While Christie’s New York was peddling opulence, Christie’s London was marketing meteorites. Prices hovered much closer to earth, however—between $267 for “a corner cut of the Toulon meteorite” and $62,213 for the Tirhert, “a meteorite which never hit Earth.” A Moroccan kid found it wedged between tree branches.

But no matter how exotic, the more expensive extra-terrestrial stuff got consigned to inventory.

Bidders passed up souvenirs of Mars, one of which Christie’s hoped would bring up to $355,500 and another up to $639,900. Similarly spurned was the “world’s largest oriented meteorite with extra-terrestrial gemstones.” That was further described as “encompassing an enormous aggregate of extra-terrestrial olivine and peridot in a steel-blue patina dappled with mango accents.”

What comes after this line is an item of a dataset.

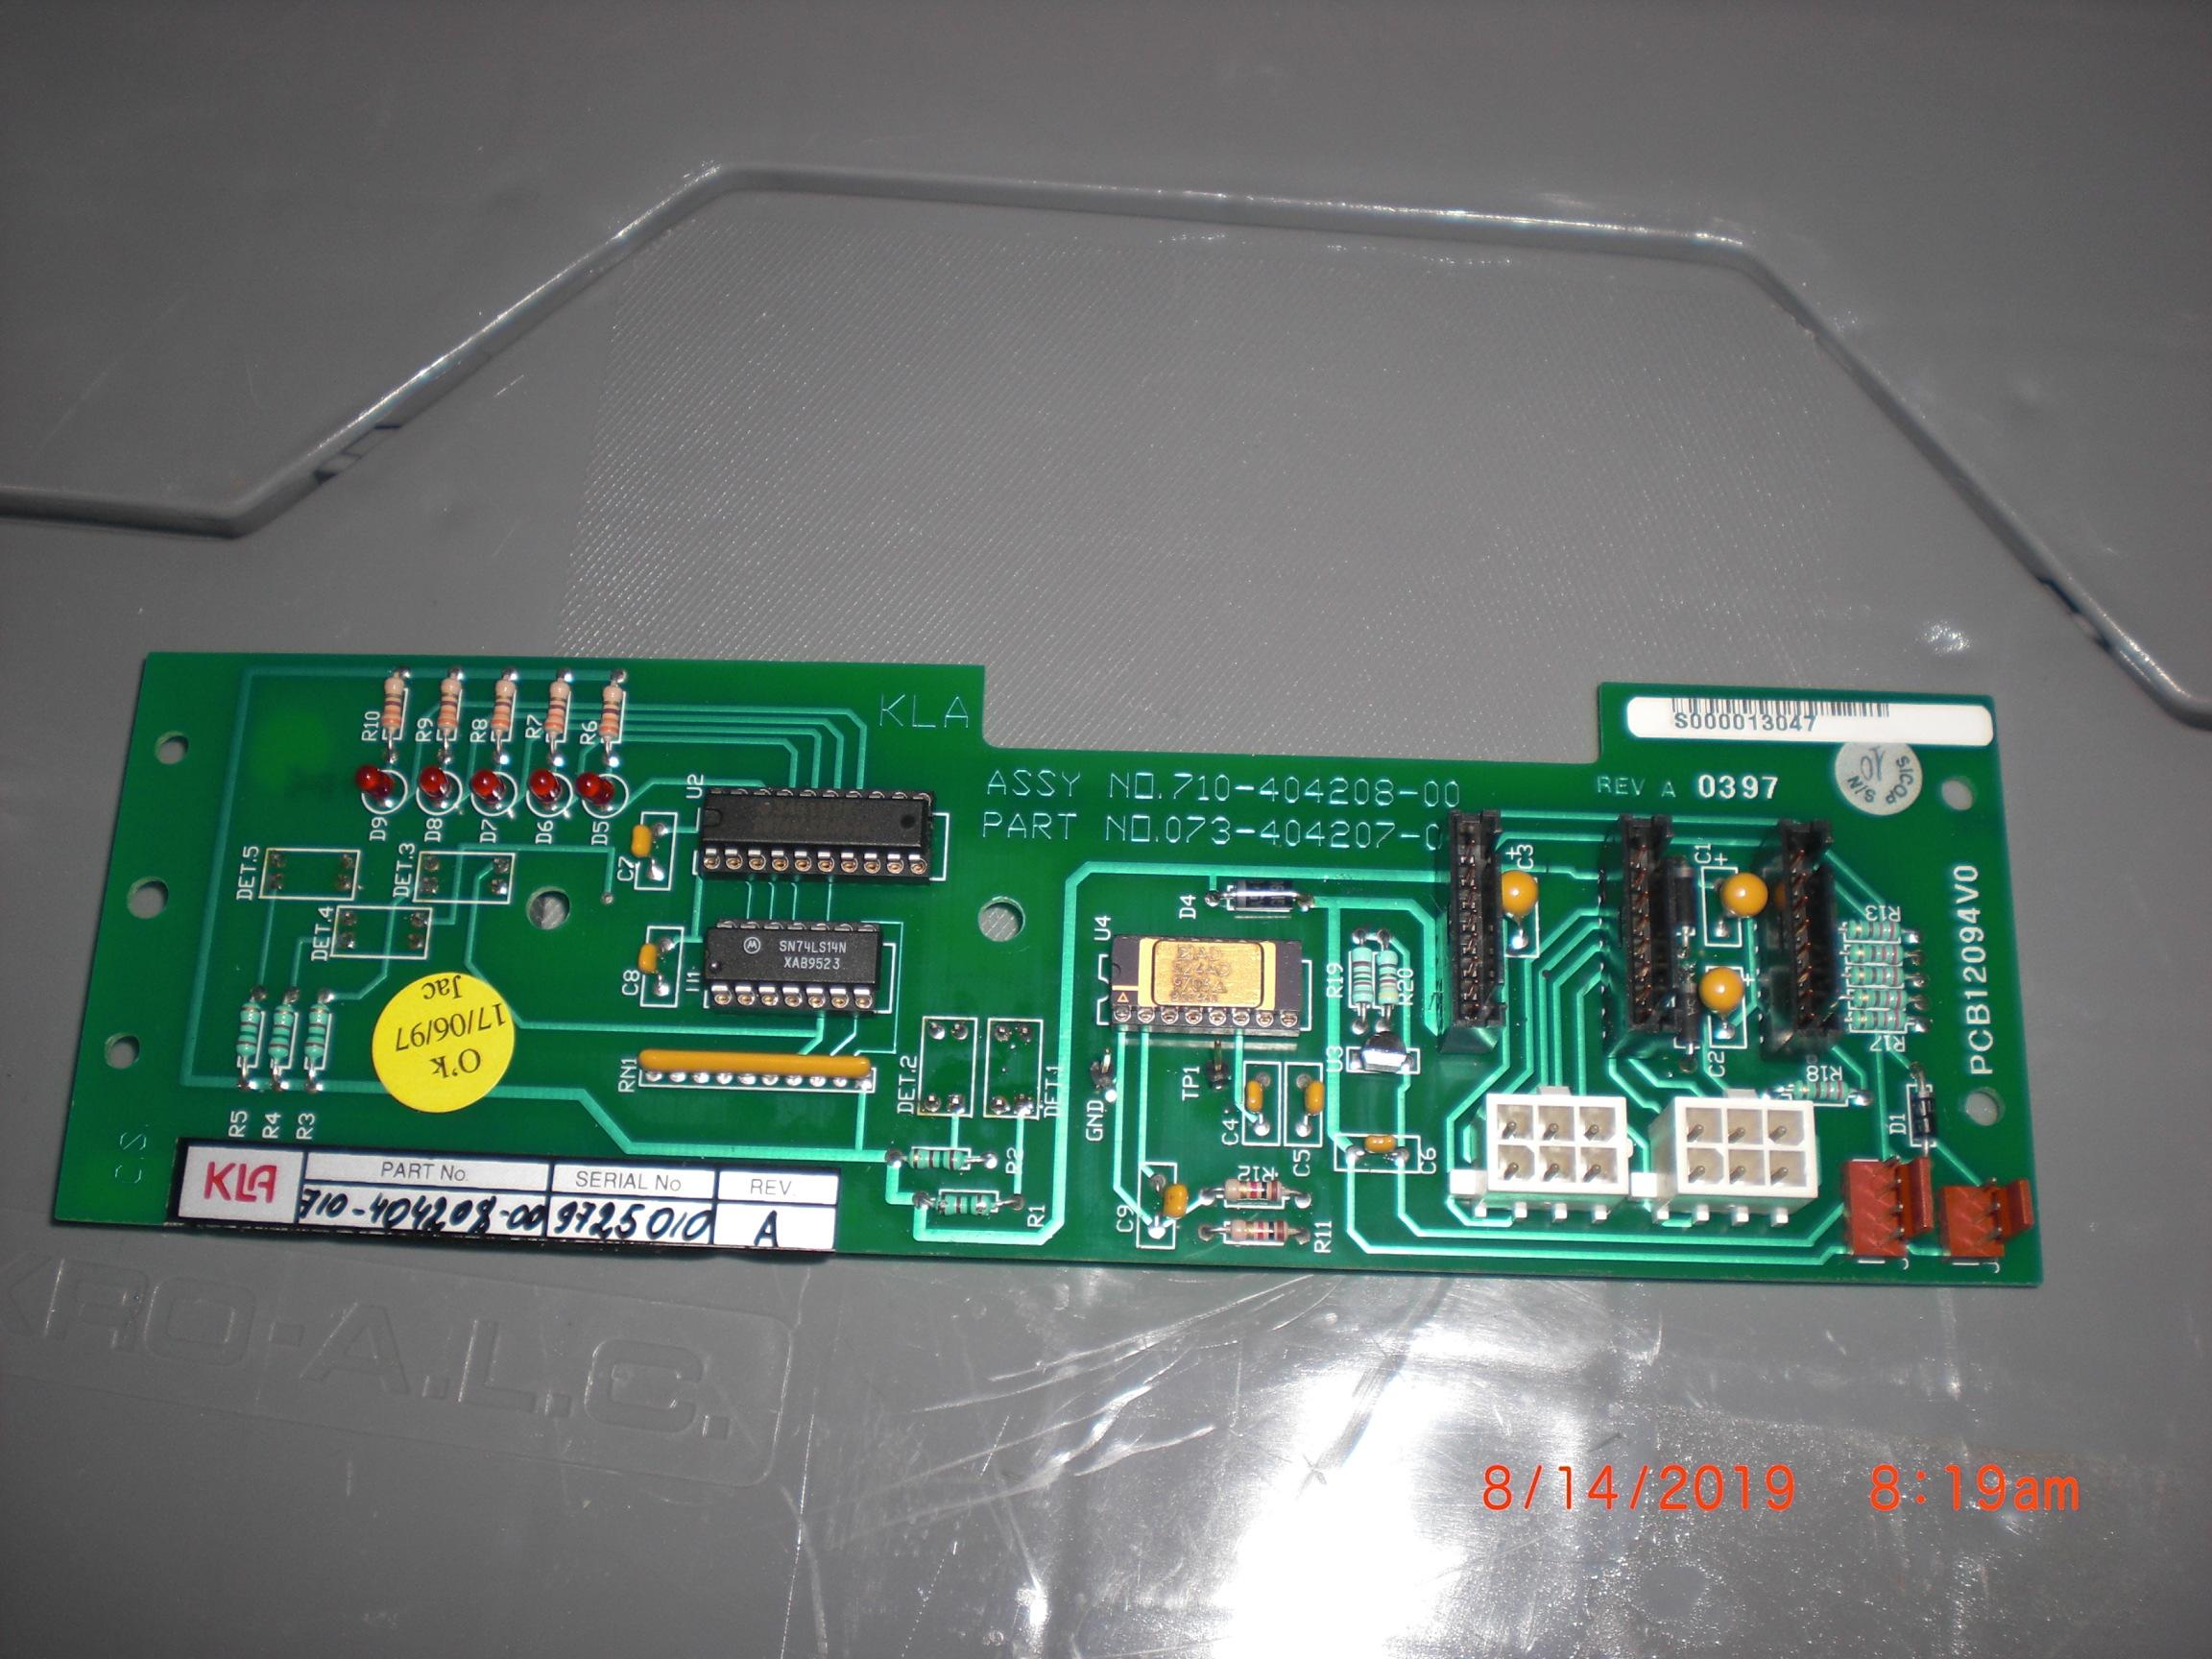 PCB KLA / TENCOR 710-404208-00 Overlay Arm INTERCONNECT  5200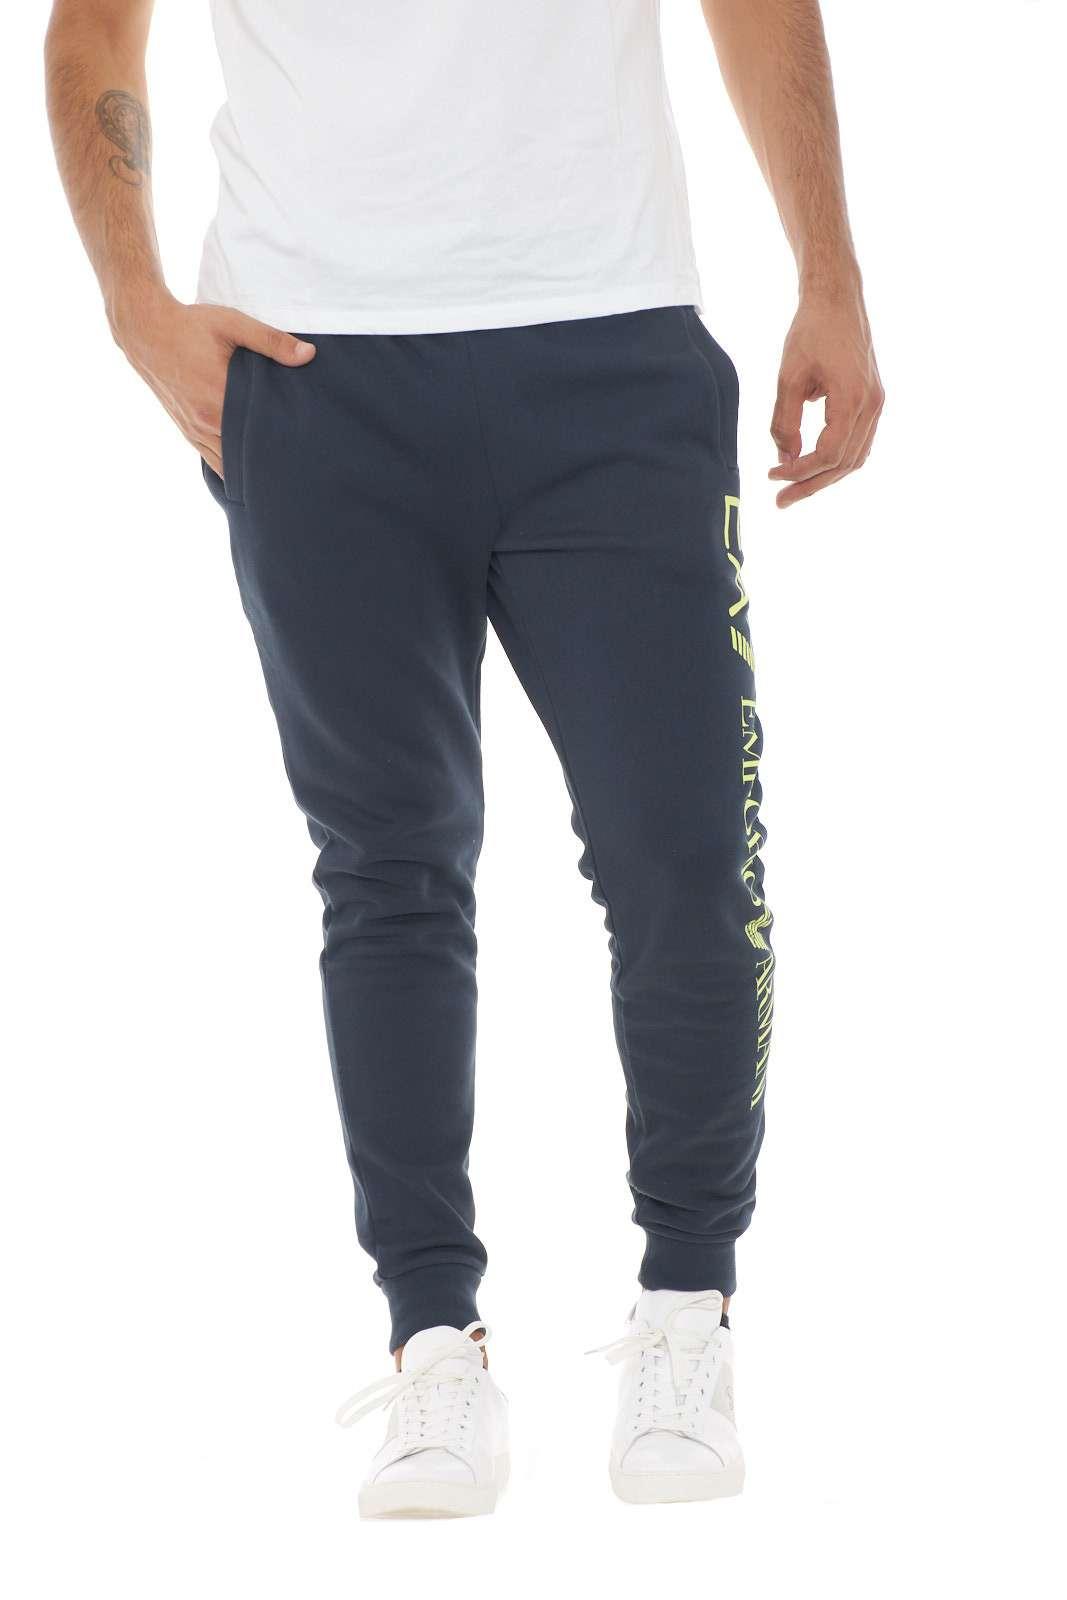 https://www.parmax.com/media/catalog/product/a/i/AI-outlet_parmax-pantaloni-uomo-Emporio-Armani-8NPPB5-A.jpg

From the mantle, Myanmar and Mars, rare rocks go on the auction block

Even this extra-terrestrial expression of
Munch-ish anguish failed to find a buyer.
(Photo: Christie’s)

Christie’s wanted somewhere between $711,000 and $1.13 million for the 650-kilogram chunk of rock, arguably a bargain compared to those earthly objects measured in mere carats. And they’re not even dappled with mango accents.

Another non-mover was “an otherworldly evocation of Edvard Munch’s The Scream.” Naturally formed, Christie’s insists, the 179-kilogram space oddity came with an aspired but unrealized price between $213,300 and $355,500.

The auction totalled just $817,601 for 44 meteorites, leaving nearly three dozen unsold. Evidently aficionados prefer the products of domestic geology. Maybe there’s still something to be said for this planet after all.

Next month Christie’s and Sotheby’s plan to separate big spenders from their loot in Geneva. Sotheby’s set a hopeful $28-million to $38-million target for the 15.38-carat Unique Pink diamond, while Christie’s talks of up to $45 million for the 14.62-carat Oppenheimer Blue.

Assuming there are takers, how does one explain such extravagance?

“Even though there may be a general economic malaise, a lot of people are making a lot of money and are very cash-rich,” David Bennett told Rapaport Magazine. As chairperson of Sotheby’s jewelry division, he conducted the Blue Moon auction and several other high-profile sales.

“Fine gemstones have always been something that people consider having in their portfolio of investments,” he added. “If they are going to buy something, they want to buy the rarest, the best.”